At first, he seemed tantalisingly close to rescue. He saw several ships and some smaller boats. One ship had followed his balloon for almost 2 hours, then gave up as it became fully dark. To make matters still worse, the sky clouded over and the darkness became ever more complete. In his own words, “Though he had not once lost his recollection, and had indeed possessed perfect presence of mind all the while, he now considered himself as a loss, and lamented that it was not his fate to die at once . . .”

Still, he had not given up all hope and continued to work on the balloon to try to keep what little gas remained so that there should be some buoyancy. His spirits were also raised when the clouds dispersed and the moon rose. Not only did this allow him to work on the balloon more easily, it “removed one source of additional horror which darkness itself always produces.”

However, he still seemed no nearer being saved:

For full five melancholy hours did the Major remain in this horrid situation, during the whole of which he had not once seen a vessel so near him as to be heard by his calling, and but in two instances did he even endeavour to be heard by them.

A Determined Captain

Then came what must have felt like a miracle:

About this time, nearly half-past eleven, though he had not for a long time seen any vessel even at the greatest distance, happening to turn his head on one side, he saw a boat very near him; he called to it, and to his inexpressible joy he was answered by the persons in it, who said immediately, “how many are there of you?” and soon after came up with him.

He was at this time so greatly fatigued, and his strength so much exhausted, that he was scarce able to get into the boat, and believes he could not have done it had he not been assisted by the people who came with it.
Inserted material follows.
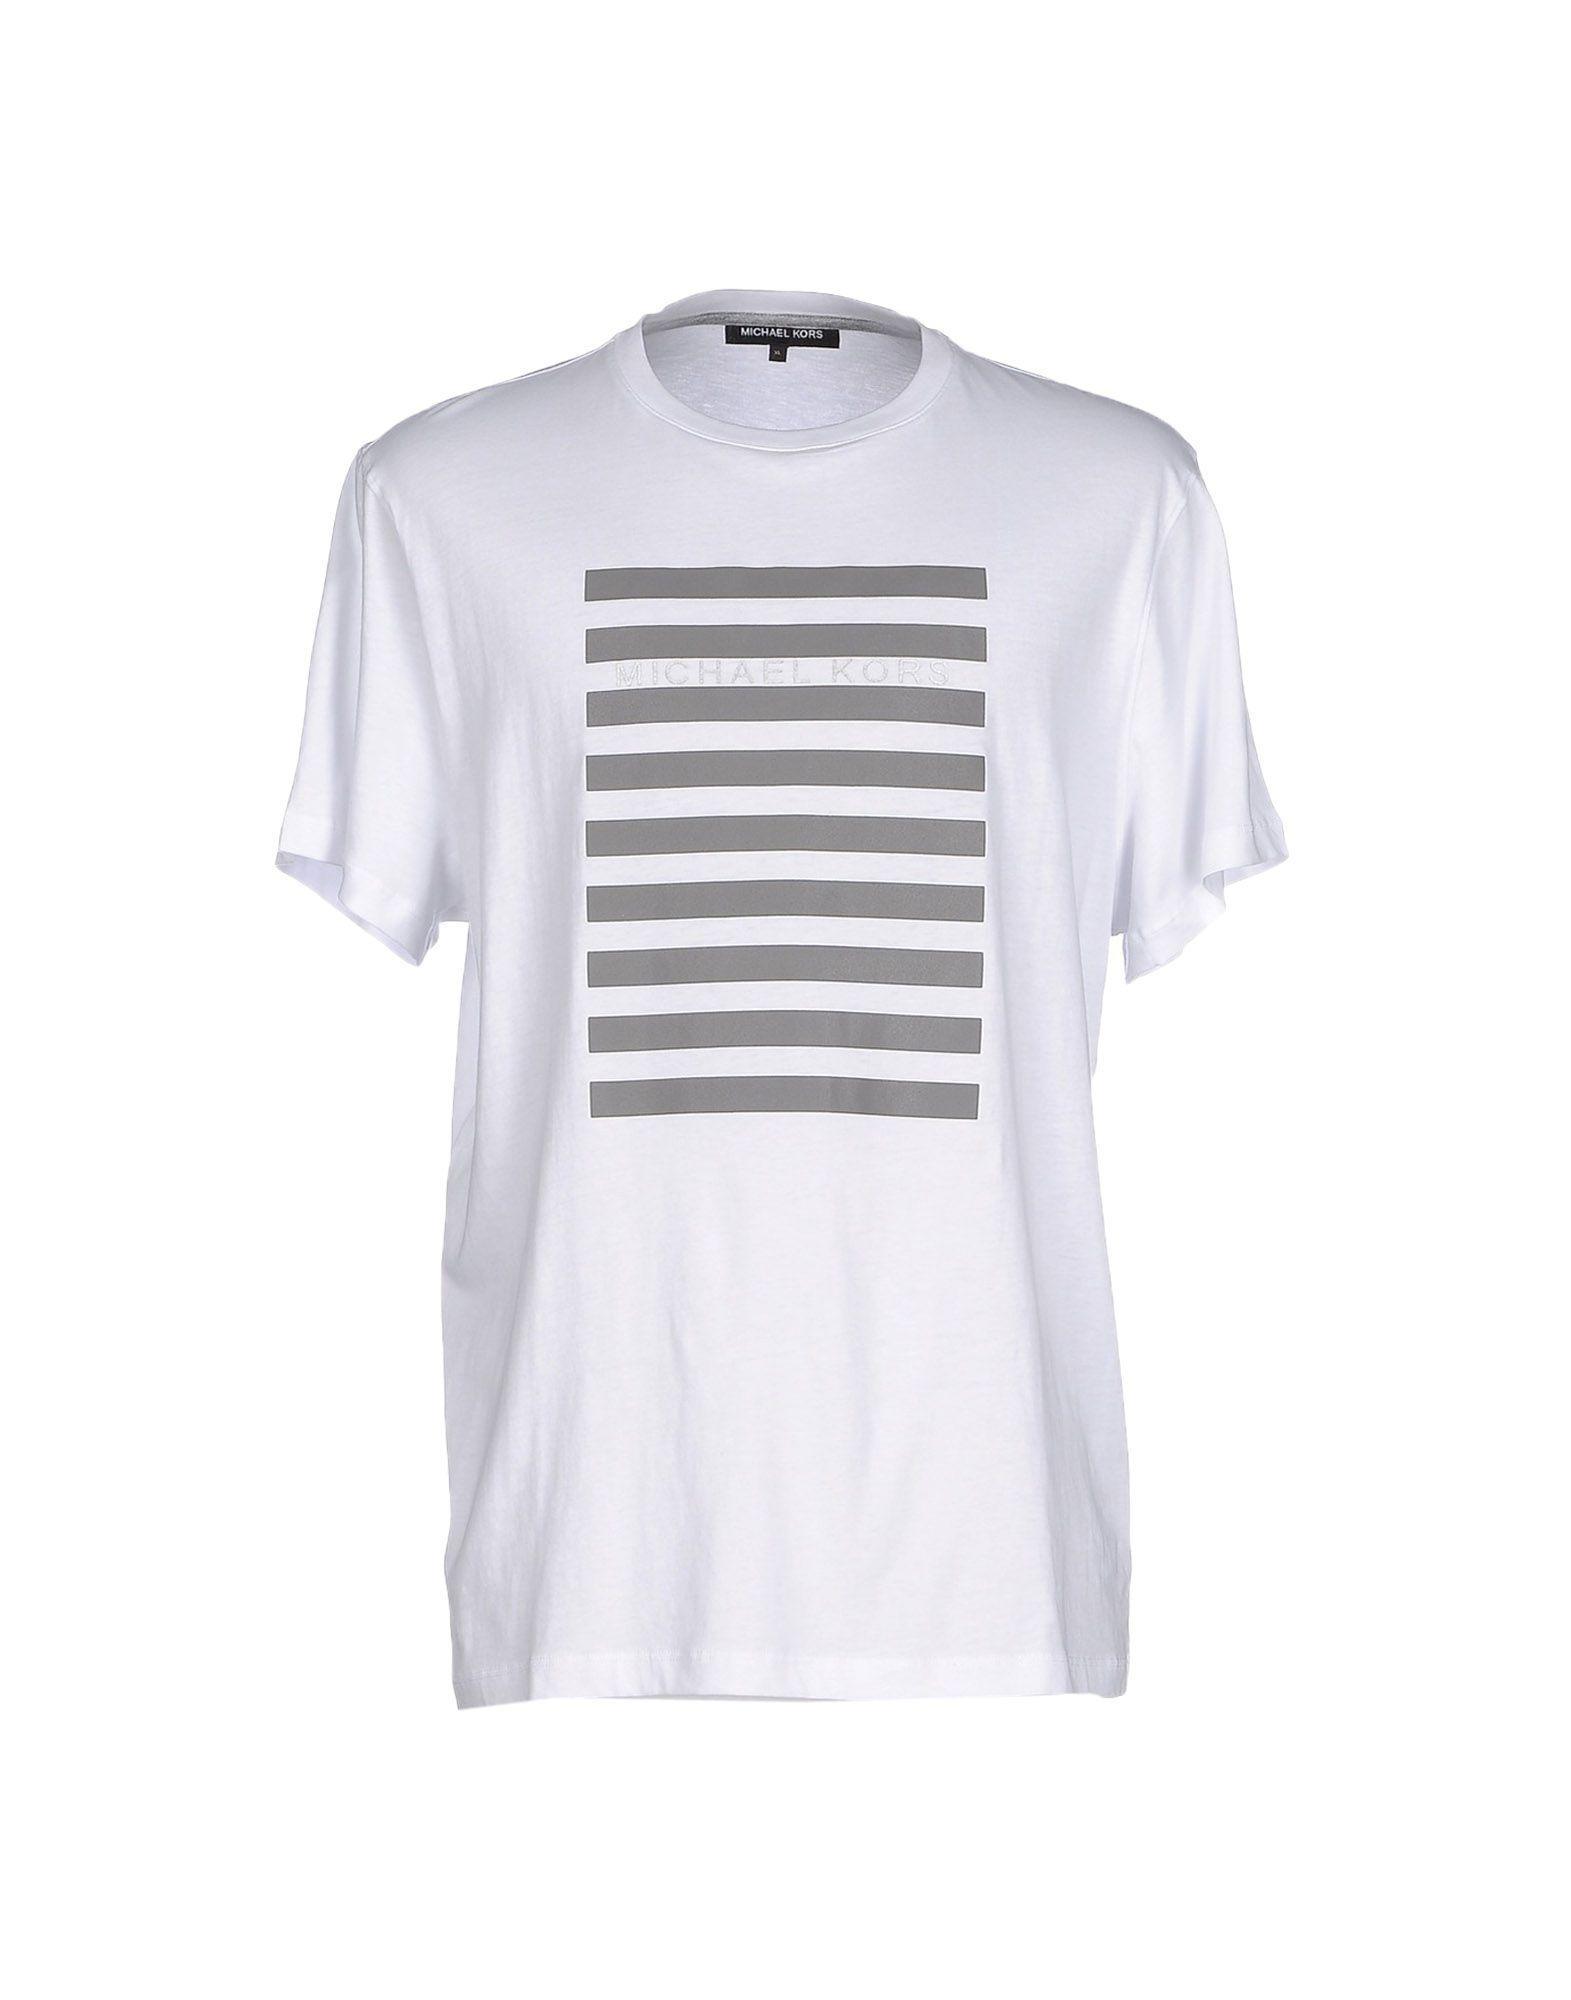 michael kors t shirt in white for men lyst. Black Bedroom Furniture Sets. Home Design Ideas
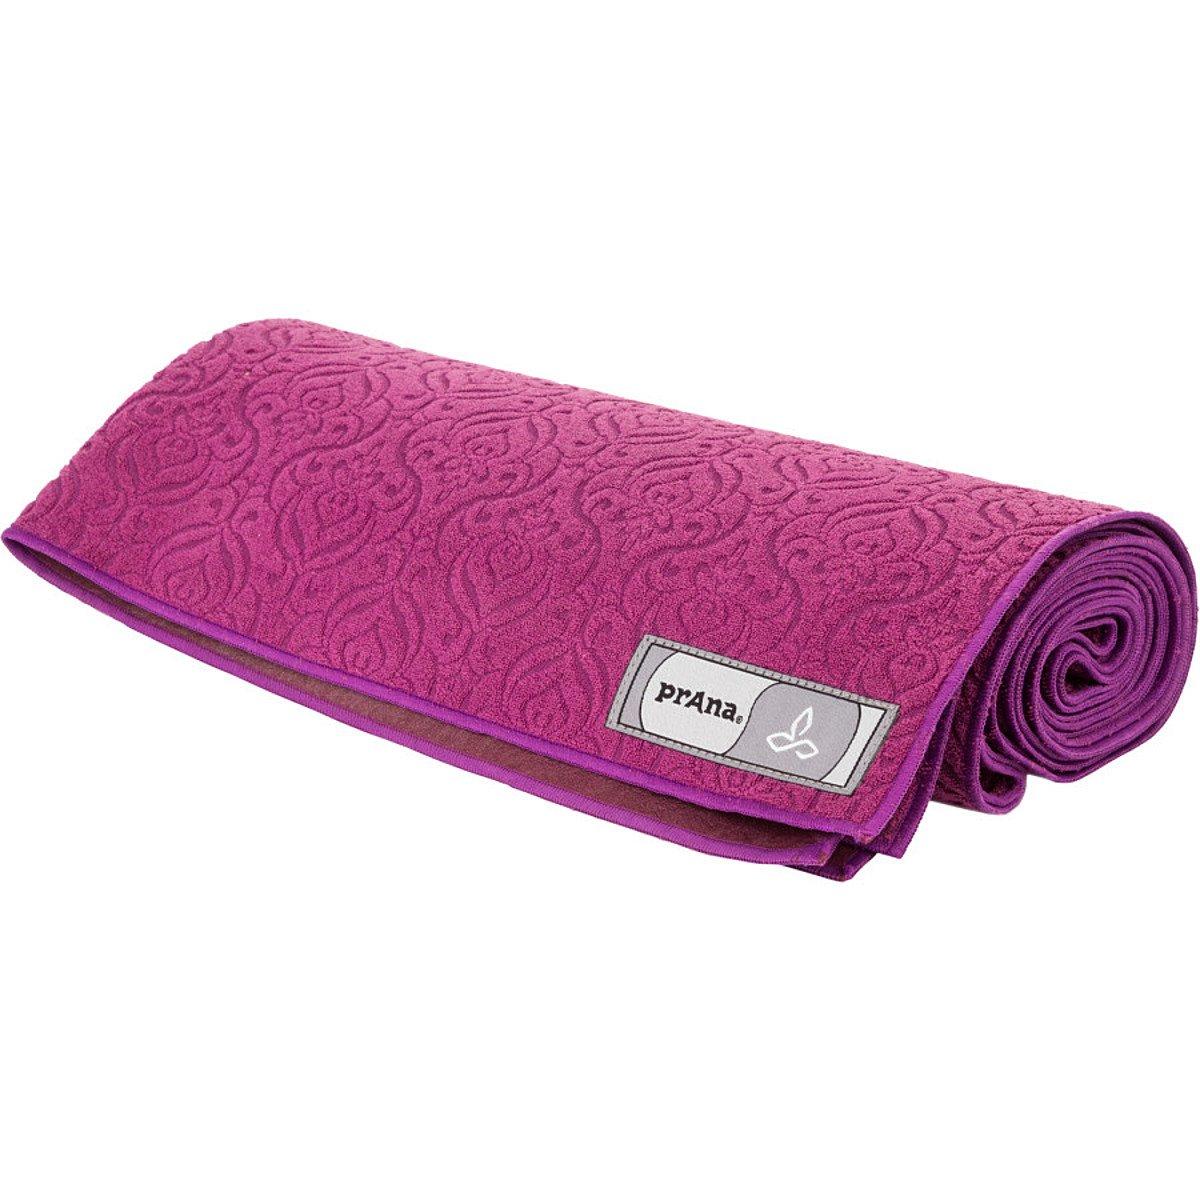 Amazon.com : prAna Synergy Towel Mat Pomegranate, One Size ...

The balloon was towed along with the boat, and the vessel to which it belonged being very near, he was soon put on board.

The ship turned out to be a Revenue cutter from Harwich, the HMS Argus, under the command of Captain William Haggis. They had been out looking for smugglers and had seen his balloon some time ago. Indeed, it turned out that they were the ship that had followed him for several hours, even sending out a boat to investigate more closely. Unfortunately, those in the boat decided that there was nobody aboard the balloon and returned to their ship with that message. Captain Haggis, however, decided to see for himself, and it was to this determination that John Money owed his life. According to the ship’s log, his rescue took place at exactly 11:30 PM, eighteen miles off the coast northwest of Southwold.

Back to Land

I’ll let Major Money close this story, as he was reported by the Norfolk Chronicle:

The cutter arrived at Lowestoft about eight in the morning, being Sunday the 24th, where the Major landed; he took a chaise at this place, and arrived at his house at Crown Point, near Norwich, at two o’clock, by which the anxiety not only of his immediate friends and connections was removed, but that of many thousand others who were spectators of his departure, and who had become very apprehensive for his safety.

The balloon received very little harm, except at the lower end of it, which the Major intentionally cut before it fell into the sea; the boat [balloon gondola] was however very much injured; they were both brought to Crown Point soon after the Major’s arrival.